If you’re comfortable working in a tight space and have a few basic plumbing tools, you can change out a bathroom or kitchen sink faucet in an hour or less.
Choosing the Right Faucet
If you’re thinking about replacing a faucet, it’s probably because the old one has fallen into disrepair or doesn’t fit with your desired interior design. But this is also an opportunity to upgrade to a faucet with features that your old faucet doesn’t offer.
One of the most desirable faucet features is built-in water conservation technology, especially now that modern water-saving faucets can perform comparably to standard faucets while using more than 30 percent less water. Faucets that meet this standard carry the WaterSense label, a designation awarded by the Environmental Protection Agency to faucets that use a maximum of 1.5 gallons per minute.
Other available features include integrated wand attachments, adjustable spray settings and even smart technology that can track your water usage and send data to your smartphone.
But no matter what features you’re after, the most important step in choosing a faucet is ensuring that it will fit your sink. Sinks vary in the number and configuration of holes for faucet installation, and you’ll need to know how these holes are arranged on your sink before making a purchase decision.
You may be able to get a good view of the configuration just by looking at the underside of the sink. But if there’s any doubt, you might want to remove the old faucet before buying a replacement so that you can measure accurately.
Preparing Your Workspace
Most of the labor involved in replacing a faucet takes place under the sink, so begin by making as much room as possible. Remove everything from the cabinet beneath the sink and move other objects in the room as needed to accommodate your legs while you’re working on your back. If lying under the sink is really uncomfortable, try lying on a pillow or cushion.
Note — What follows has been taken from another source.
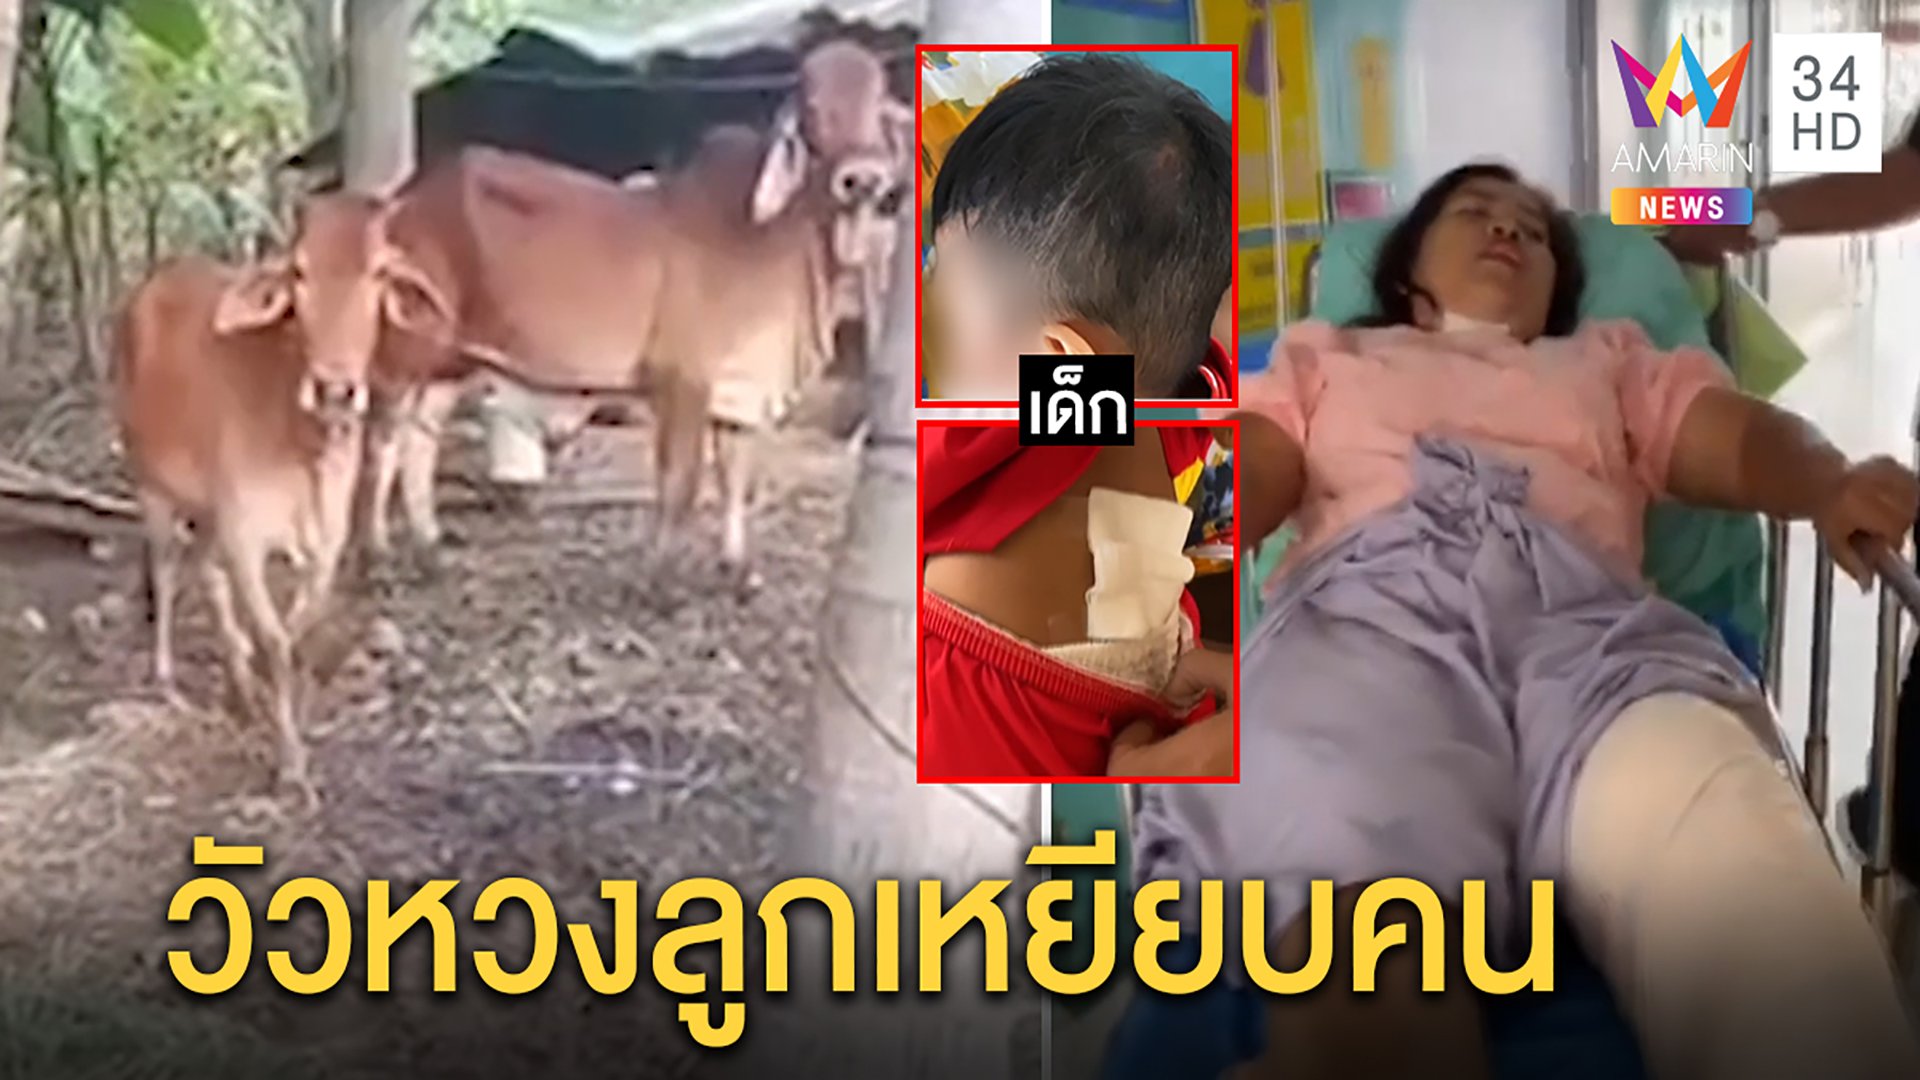 ระทึก!วัวแม่ลูกอ่อนคลั่งตื่นคนกระทืบเจ็บ 2 ป้าเผยนาทีเอาตัวบังหลาน 1 ขวบรอดตาย | ทุบโต๊ะข่าว | 9 พ.ย. 63 | AMARIN TVHD34

Gather all the necessary tools and supplies before you get started. Grab a pan to catch water from the supply lines, a towel to soak up any other drips and a pair of safety goggles to protect your eyes in case you drop something while working above your head. You’ll also want a flashlight so you can see what you’re doing.
An adjustable wrench is essential, but you might find a basin wrench handy, since it’s designed for working in the hard-to-reach area beneath the faucet. Depending on the type of faucet mounting hardware and supply lines, you might also need a screwdriver or pipe wrench.
Working Below Deck
First things first: shut off the water supply to the faucet. In most cases, you’ll see two hand-crank valves at the bases of the hot and cold water supply lines leading from the wall beneath the sink. Turn them all the way to the right, loosening them with a little lubricant spray if necessary. If you don’t have shut-off valves under the sink, you’ll need to shut off the main water supply to your home.
After the supply lines are closed, turn on the faucet to drain as much water as possible from the fixture. There will probably still be a little water trapped in the lines, but you can catch this in a pan when you disconnect the lines from the faucet.
The supply lines will be connected to the bottom of the faucet with nuts that can be loosened with an adjustable wrench or basin wrench if they’re difficult to reach. Disconnect all of the lines leading to the old faucet — there could be three in total if a line is diverted to a sprayer attachment.
After the supply lines, you’ll need to remove the mounting hardware that attaches the faucet to the sink. This hardware varies quite a bit; on newer faucets, the mounting hardware may consist of plastic nuts that can be removed by hand. Others are held in place with screws, wingnuts or other fasteners. Use a flashlight to get a good look at the underside of the faucet and confirm that everything holding it to the sink has been removed.
If you’re lucky, the old faucet will lift right off the sink after the mounting hardware is removed. But it could be that the faucet is sealed in place with a little caulk or plumber’s putty, in which case a bit more work is required.
Try gently rocking and twisting the faucet and handles from front to back to break the adhesive seal. If you can slip a putty knife between the faucet and sink, you can get some extra leverage to pry it off.
Once the faucet is completely removed, you’ll want to remove any gunk left behind on the sink. There are liquid and gel products designed specifically to remove caulk, and common household cleaners should take care of any remaining dirt or grease.
Back in Business
The hard part is over and it’s finally time to install your new faucet. Most faucets come with detailed, customized installation instructions, and you should follow those through the rest of the process. The installation steps will generally be the same as the removal steps, just in reverse order.
Read all of the installation instructions carefully before you begin to verify whether they call for the use of caulk or plumber’s putty. If so, you’ll want to have those supplies handy to help seal the new faucet to the sink.
Once the faucet is in place and its mounting hardware is installed, you’ll need to reconnect the water supply lines. Even if your new faucet’s installation instructions don’t call for it, it’s a good idea to wrap a little plumber’s tape around the threads of the supply lines before reconnecting them. This helps hold the connection tight and guards against leaking.
Don’t forget to reopen the supply line valves when you’re all done!
As a final step, remove the aerator from the spout of the new faucet — these usually unscrew by hand, but refer to your faucet’s instructions to be sure — so that you can flush the faucet clean. There may be dirt or oil inside the new faucet, and those particles can get trapped in the aerator.
Run water through the faucet at full pressure for about a minute, then shut the water off and reinstall the aerator. Your new faucet is fully installed and ready to use!
But as always, if you run into trouble or discover hidden damage as you take the DIY route to faucet replacement, keep handy the number of a licensed, local plumber who can come to your aid in an emergency.